Mountain in Álava, Spain

Zaldiaran (/es/, /eu/) is a mountain in the Montes de Vitoria range, in the province of Álava, Basque Country, Spain. Even if part of the south face of the mountain is on the Treviño exclave, Burgos; the summit itself lies in Álava. At the top of the mountain, apart from a tall metallic cross that was placed in 1950 by the Manuel Iradier hiking club, there are a few big aerials that transmit television and radio signal to Vitoria-Gasteiz.

Close to the summit lies the Zaldiaran pass, with a height of 780 m, it links Álava with the Treviño exclave. The roads that communicate the two provinces are the A-3102 in Álava and the BU-742 in Treviño. The northern slopes are covered by beeches (Fagus sylvatica) that give way to Portuguese oak (Quercus faginea) woods on the lower parts.

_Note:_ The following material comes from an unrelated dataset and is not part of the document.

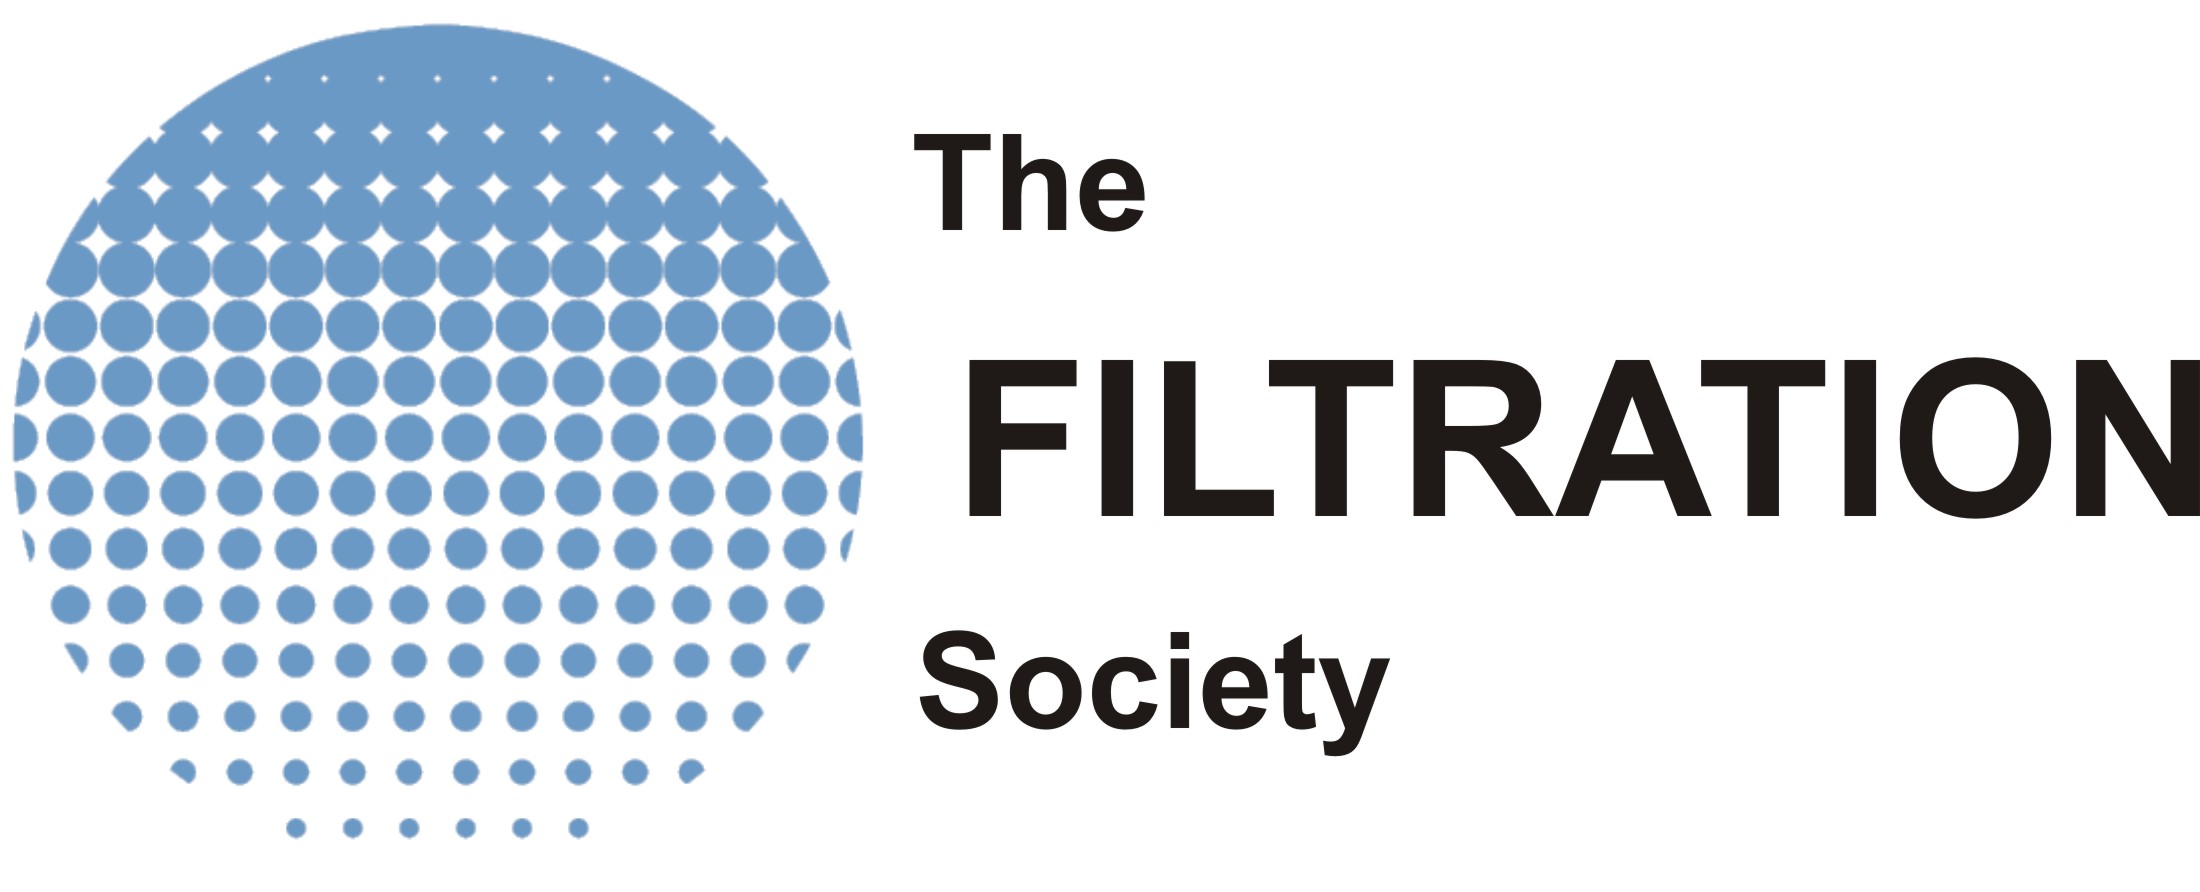 logo for Filtration Society, The

Due to the proximity of the summit to Vitoria-Gasteiz and its easy access, it is popular among hikers. On New Year's Day, the hiking clubs of the city organize hikes to the mountain to celebrate the new year.

==Access points and trails==
The most popular trail starts in Berrostegieta, on the road that leads to the Zaldiaran pass. This route goes through the secondary Errogana summit. Another popular starting point is the nearby hamlet of Eskibel. The shortest route starts at the Zaldiaran pass, and follows the paved track that leads to the summit.